Это первое обстоятельство, которое мы хотели бы под­черкнуть. Второе же относится к психологическому харак­теру и к физиологической природе процессов, выступаю­щих в условиях «отщепления», а также к вопросам тер­минологии.

В условиях развитого «отщепления» мы оказываемся перед лицом очень своеобразной мозговой деятельности. Эта деятельность выступает при объективном анализе как бесспорно относящаяся к высшей нервной деятельности, ибо она использует элементы индивидуально приобретен­ного опыта и иногда наиболее сложные из доступных для ее субъекта приемов переработки информации. В то же время ответить на вопрос, в какой степени эта активность является «психической», т.е. в какой мере в момент ее реализации она сопровождается определенными, пусть не­осознаваемыми, переживаниями, не так просто. Наиболее вероятной гипотезой является то, что при разных степе­нях «отщепления» эта выраженность субъективной модаль­ности переживания также должна варьировать.

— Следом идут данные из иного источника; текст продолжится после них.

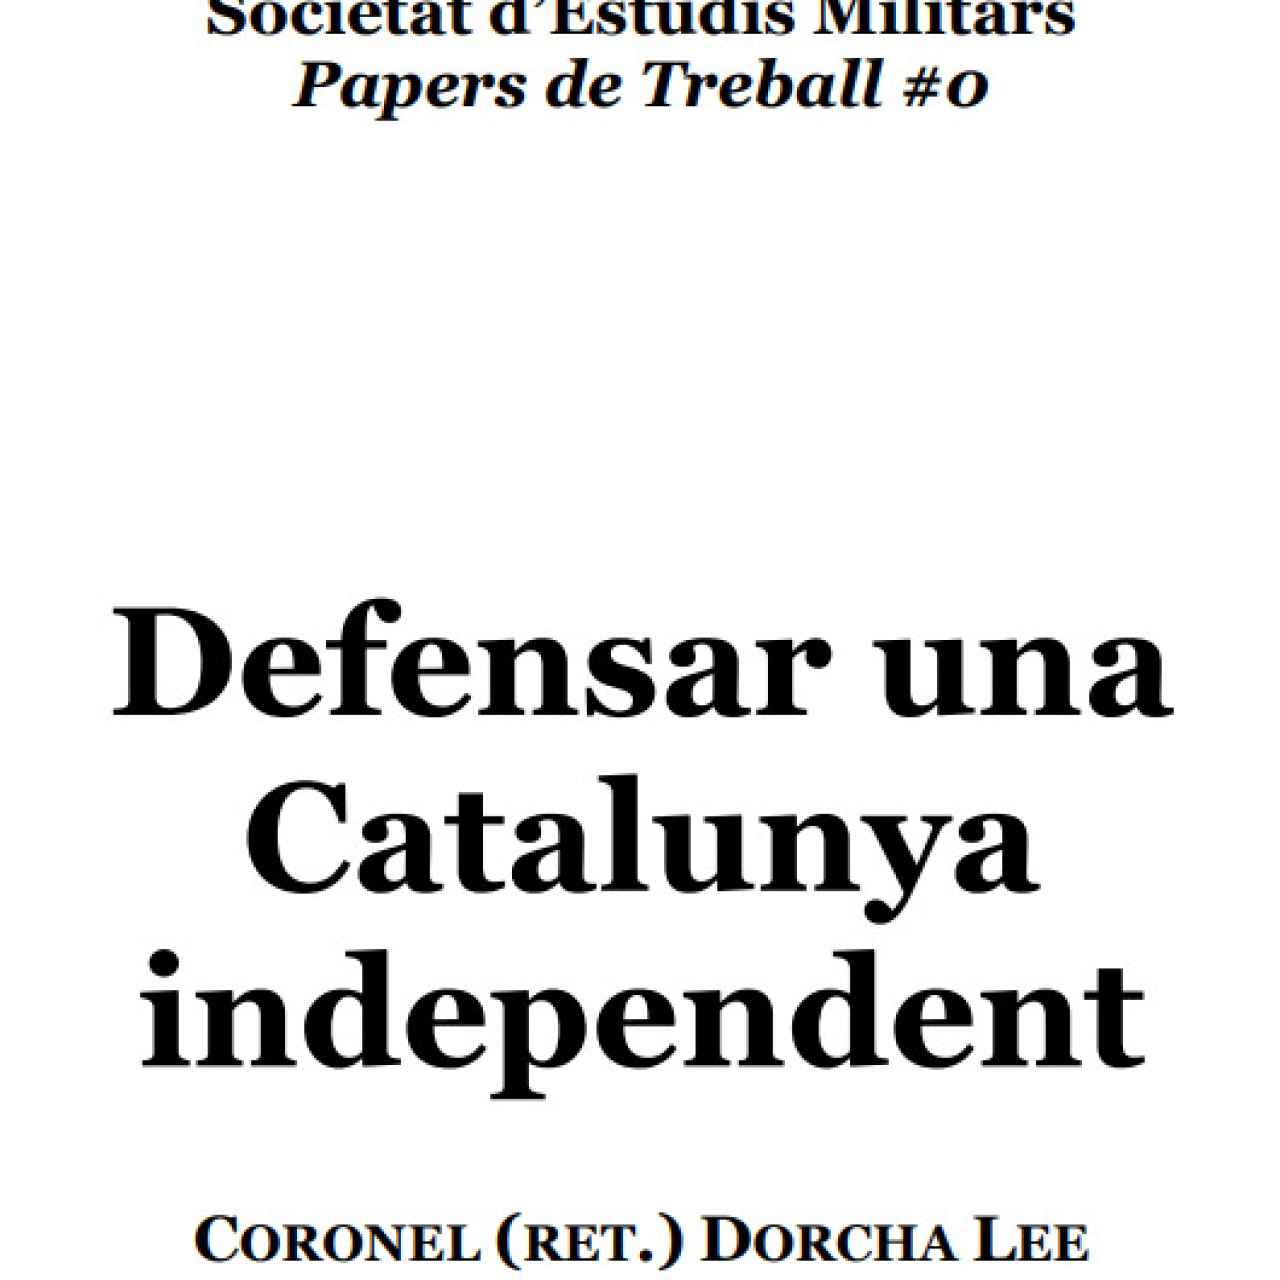 Portada del informe presentado en 2018 por la Societat d'Estudis Militars (SEM).

Такое понимание выявляет всю сложность природы «бессознательного» и заставляет допустить качественно разные формы его проявления. Как на это справедливо обращает внимание С. Л. Рубинштейн, при нерезко выра­женном «отщеплении» «неосознаваемость» определенных форм мозговой деятельности отнюдь не сопряжена с их непереживаемостью как субъективной данности. Перед нами в подобных условиях поэтому неоспоримо психи­ческая активность, отличающаяся от обычной лишь тем, что при ее развертывании отсутствует адекватное со­отнесение субъективных переживаний с миром объектив­ных вещей. Если же, напротив, «отщепление» принимает грубые формы, то мы оказываемся перед лицом нервных процессов, которые выступают только лишь как своеобраз­ные проявления высшей нервной деятельности, обеспечивающие сложные процессы приспособления, осно­ванные на тонком учете особенностей объективной ситу­ации, в то время как «переживание» этих процессов как некоей субъективной данности может, по-видимому, быть предельно редуцировано или даже полностью отсутство­вать.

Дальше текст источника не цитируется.